Ethylene plays an essential role in regulating ripening and interrelated physiological activities in climacteric fruits. Increased ethylene production has previously been observed in ‘La France’ pear fruit treated with n-propyl dihydrojasmonate (PDJ), which is a jasmonic acid derivative (Kondo et al. 2007). Therefore, the present study investigated the effect of exogenous MJ on the ethylene production rate (Figure 1) in pre-climacteric fruit. Ethylene production rates were promoted by exogenous MJ in pre-climacteric ‘Nanguoli’ fruit harvested at different maturity stages, with a marked increase being observed in normal harvested fruit compared with only a slight increase in early harvested fruit (Figure 1).

Figure 1. Ethylene production rate of ‘Nanguoli’ fruit treated with methyl jasmonate (MJ) in the presence or absence of 1-MCP. Values are the means ± SD of three replicates.

It has been reported that the effect of MJ on volatile production is related to its effect on the internal ethylene concentration, and that the effect of MJ on aromatic volatiles in apple fruit may be mediated by ethylene (Kondo et al. 2005). 1-MCP, a strong inhibitor of ethylene has been shown to inhibit ethylene production and inhibit the production of aroma volatile compounds in several climacteric fruit (Watkins, 2002). In the present study, exogenous MJ did not trigger the biosynthesis of ethylene and aromatic volatiles in ‘Nanguoli’ pear fruit that had been treated with 1-MCP (Figure 1 and Table 3), indicating that MJ stimulation of ‘Nanguoli’ pear fruit aromatic biosynthesis is associated with endogenous ethylene production, and so ethylene may trigger aromatic volatile biosynthesis.

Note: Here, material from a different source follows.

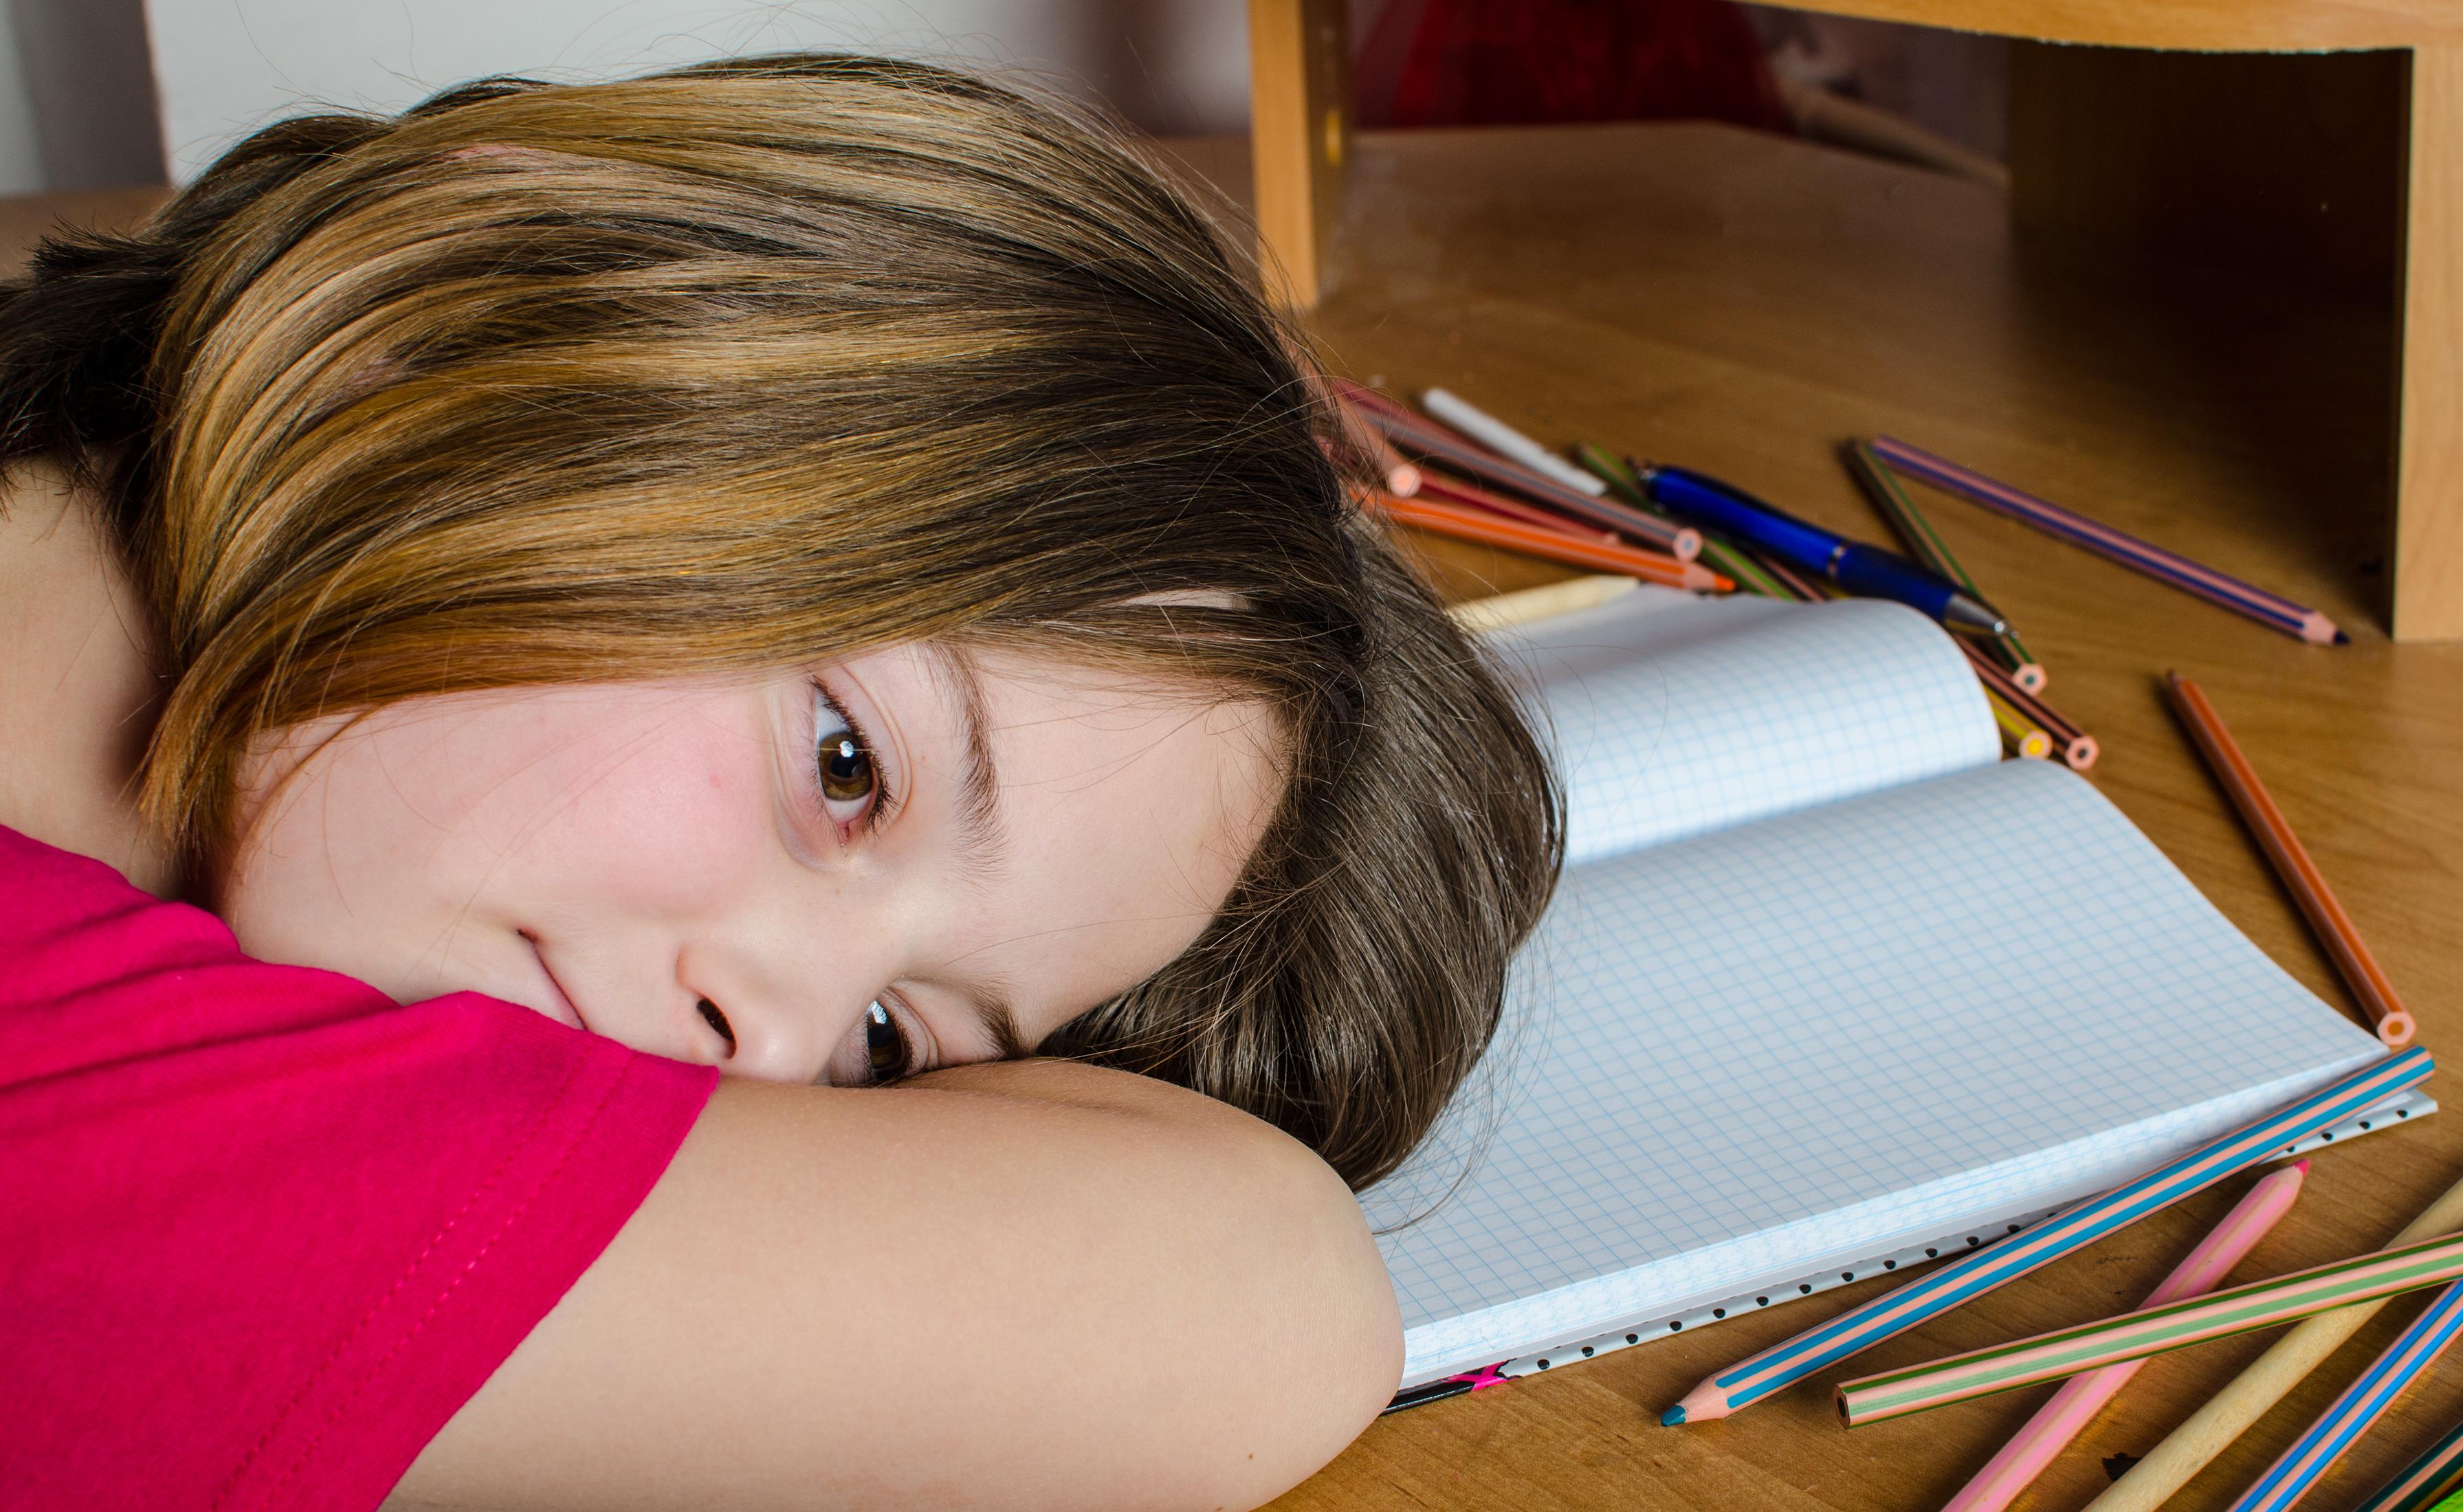 copil care sta cu capul pe caiet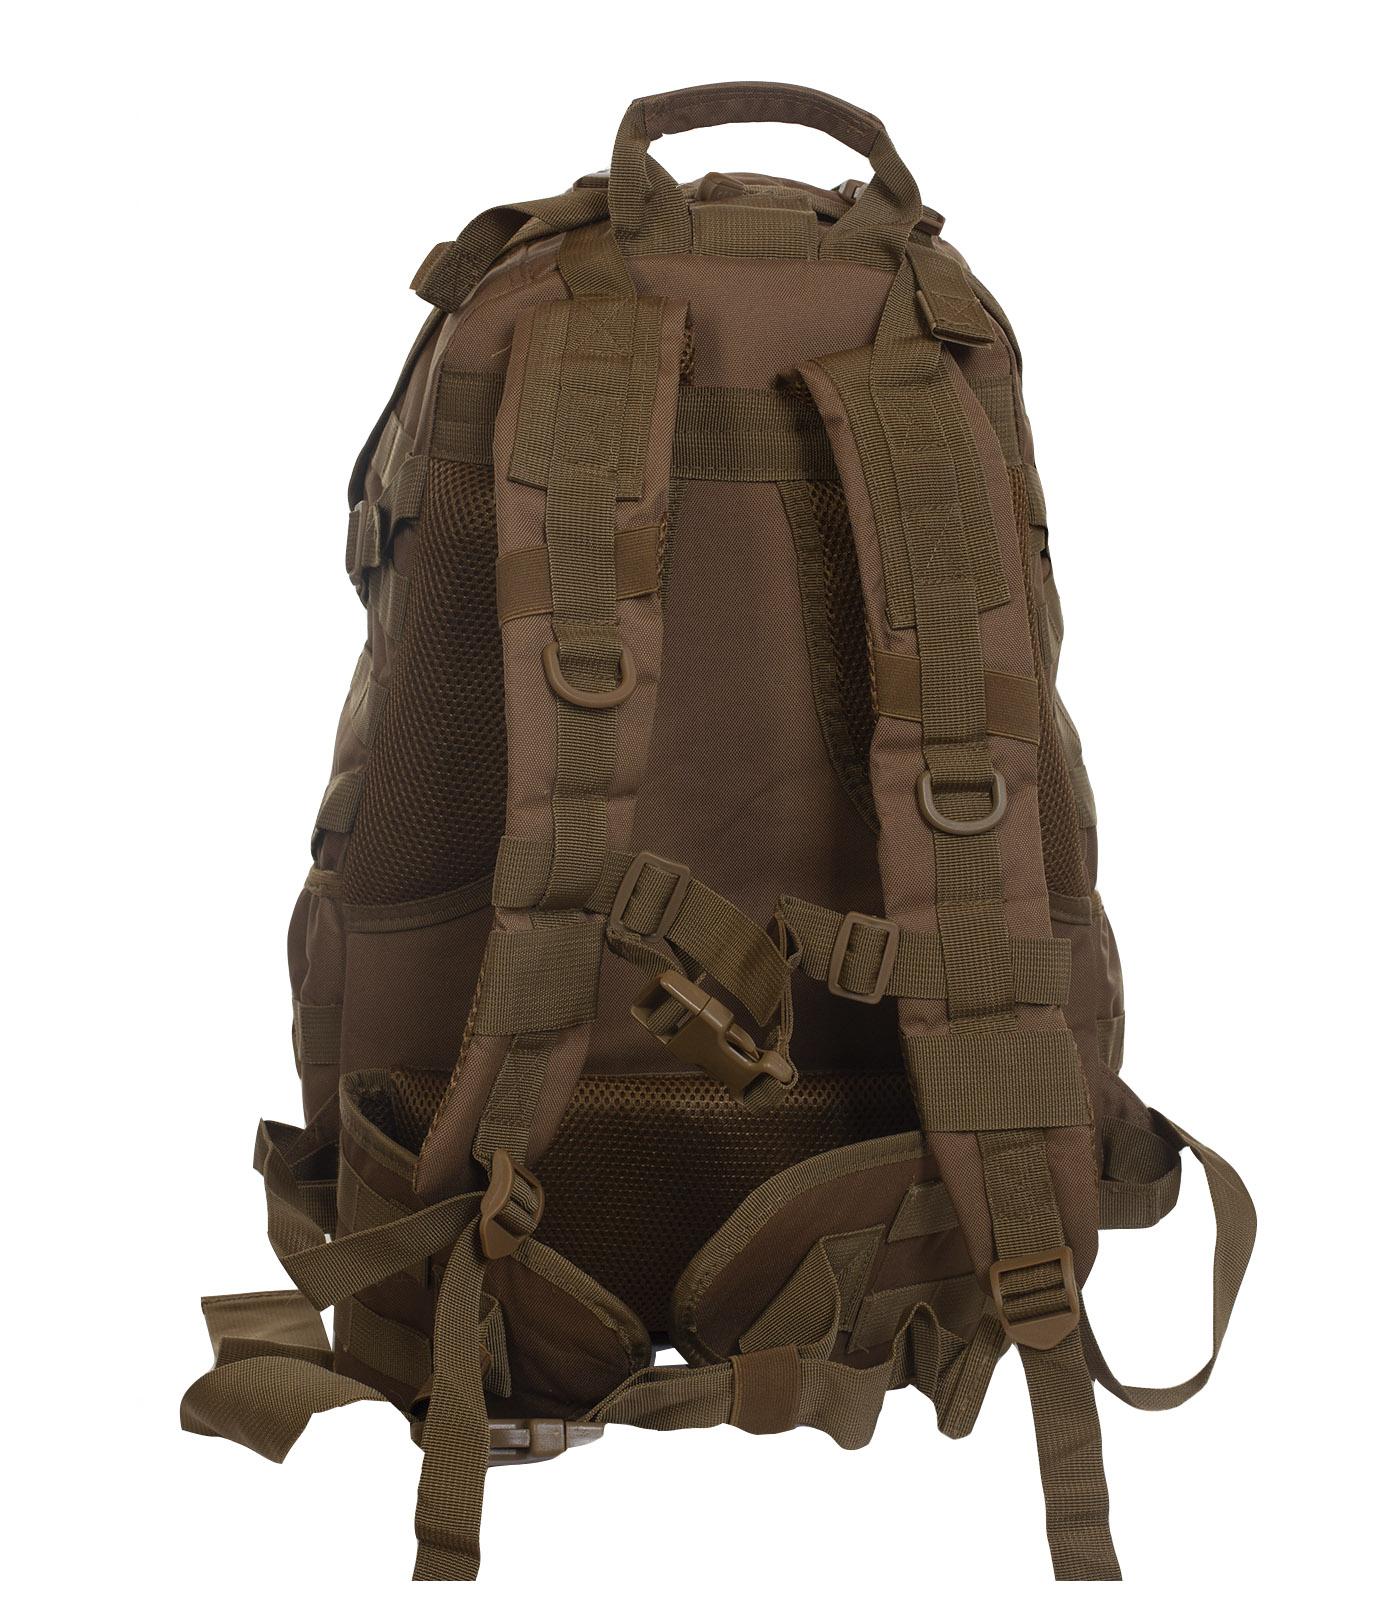 Компактный эргономичный рюкзак для охотников по лучшей цене

Table 3. Aromatic volatile content of ‘Nanguoli’ fruit treated with I-MCP+ MJ at different maturity stages.

	1-methylcyclopropene + methyl jasmonate		Control (methyl jasmonate)
	Total aromatic volatile content (ng g^–1)	Number of aromatic compounds	Total aromatic volatile content (ng g^–1)	Number of aromatic compounds
E-0^§	1931.7 ± 162.2^£	26 ± 2	2537.1 ± 189.35	41 ± 2
E-1	1968.5 ± 127.1	27 ± 3	2768.4 ± 195.36	48 ± 3
E-5	1979.9 ± 169.8	29 ± 3	2805.6 ± 211.33	44 ± 3
N-0	2115.7 ± 158.35	28 ± 3	2676.1 ± 179.69	46 ± 2
N-1	2135.2 ± 130.47	30 ± 2	4114.4 ± 266.58	51 ± 3
N-5	2142.6 ± 177.26	29 ± 2	4464.1 ± 289.78	57 ± 3

^§E and N represent the early and normal harvested fruit, respectively. The numbers after the letters E and N represent the concentrations of methyl jasmonate (mM).

^£All values are the means ± SD of three replicates.

Disclosure statement

No potential conflict of interest was reported by the authors.

Additional information

Funding

This study was supported financially by National High-tech R&D Program (863 Program) [2013AA102606-02]; the National Natural Science Foundation of China [31601708, 31230063, 31471839 and 31301739] and the Earmarked Fund for China Agriculture Research System [CARS-29], The Youth Foundation of Shandong Academy of Agricultural Sciences [2015YQN40], and the Science and Technology Development Plan of Tai'an city [201440774].